Arby is a fully data-driven Python module to construct surrogate models, reduced bases and empirical interpolants from training data.

This module implements a type of Reduced Order Modeling technique for reducing the computational complexity of mathematical models in numerical simulations.

Installation

To install the latest stable version of Arby from PyPI:

$ pip install arby

To install the developer version (may be unstable):

$ git clone https://github.com/aaronuv/arby.git
$ cd arby
$ pip install .

Tutorial

Simple pendulum: build a surrogate model

In this tutorial we build a surrogate model for the damped simple pendulum using Arby. The physical setting is shown below.

a0b8ab18db544a1cb5b971a5894e1722

This system can be described by the ordinary differential equation (ODE)

\[ \begin{align}\begin{aligned} \ddot{\theta} = -b\dot{\theta} - \frac{g}{l} \sin{\theta}\\where :math:`g, l` denote the gravity strenght and the pendulum longitude, respectively. The parameter :math:`b` is the damping factor.\end{aligned}\end{align} \]

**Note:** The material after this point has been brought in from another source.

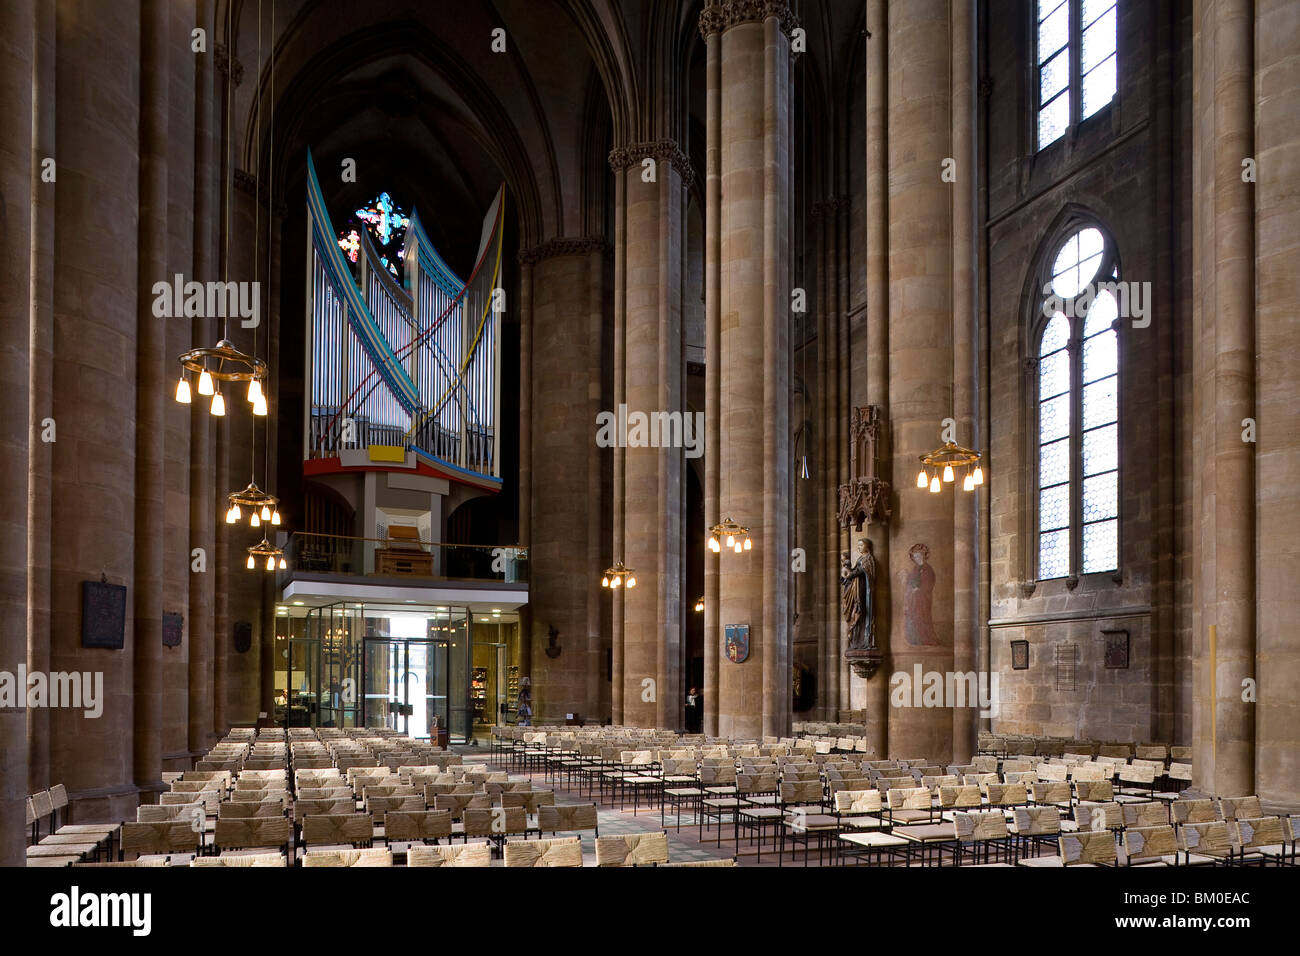 Interior view of the Elisabeth church in Marburg, Hesse, Germany, Europe Stock Photo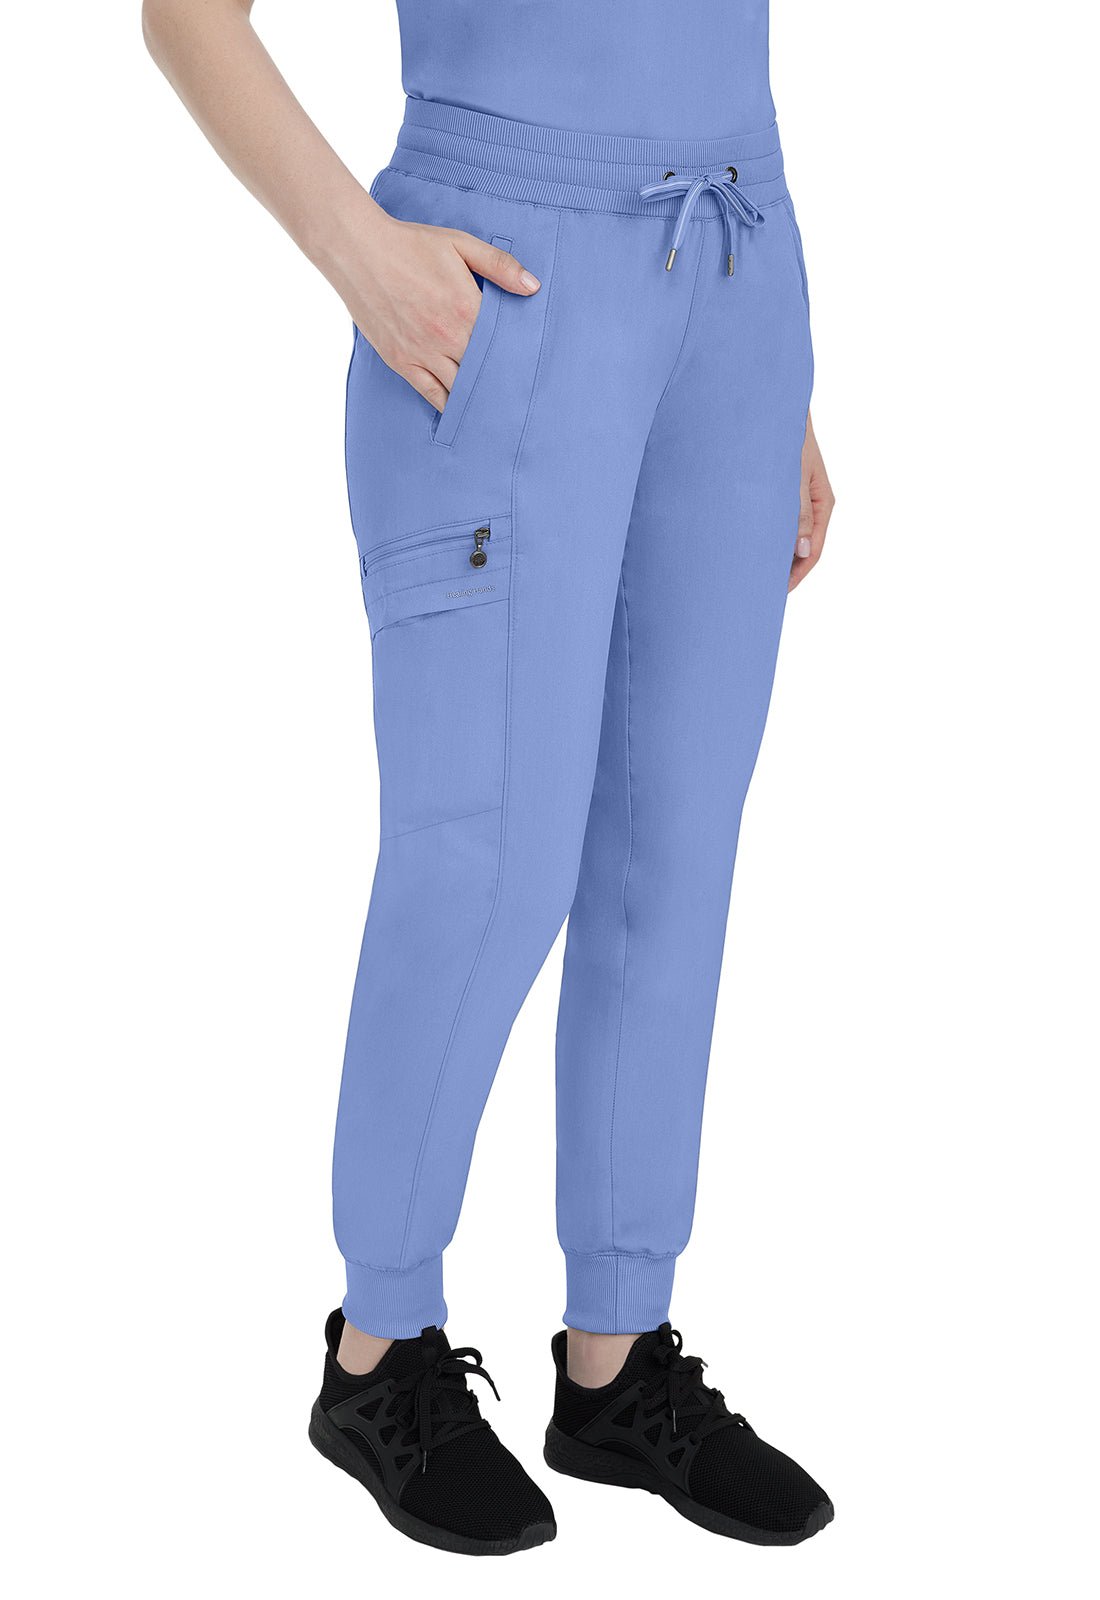 Healing Hands Toby Jogger Pant 9244 in Ceil, Hunter, Teal, White - Scrubs Select

We can decompose the 2nd order ODE above in two 1st order ODEs as

\begin{align} \dot{\theta} &= \omega \\ \dot{\omega} &= -b \omega - \lambda \sin{\theta} \end{align}

Solving the pendulum equations

First we import some Python packages for handling and visualizing data.

[2]:
import numpy as np
[4]:
import matplotlib.pyplot as plt

Also we need an ODE solver. We use a module from the SciPy Python package.

[5]:
from scipy.integrate import odeint

Let’s define the ODE system and initial conditions

[6]:
def pend(y, t, b, λ):
    θ, ω = y
    dydt = [ω, -b*ω - λ*np.sin(θ)]

    return dydt
[7]:
# set friction strength
b = 0.2
# set initial conditions
y0 = [np.pi/2, 0.]
[8]:
# set a time discretization
times = np.linspace(0,50,1001)
[9]:
# plot a simple solution
λ = 1.
sol = odeint(pend,y0, times, (b,λ))
[10]:
plt.figure(figsize=(10,4))
plt.plot(times, sol[:,0], label=f'Example solution at $\lambda$={λ}', lw=1.8)
plt.xlabel('t')
plt.legend()
[10]:
<matplotlib.legend.Legend at 0x7f23dfcfad90>
_images/pendulum_16_1.png

Building the surrogate

Import the Arby main class for building surrogates

[11]:
from arby import ReducedOrderModel as ROM

and define a discretization of the parametric domain. We chose the domain for \(\lambda\) as \([1, 5]\).

[15]:
param = np.linspace(1,5,101)

The next step is to build a training set.

[16]:
training = []
for λ in param:
    sol = odeint(pend,y0, times, (b,λ))
    training.append(sol[:,0])

So far we have the main ingredients to buil a surrogate for the pendulum. For this, create a pendulum model as a ROM object

[17]:
pendulum = ROM(training, times, param, greedy_tol=1e-14, poly_deg=5)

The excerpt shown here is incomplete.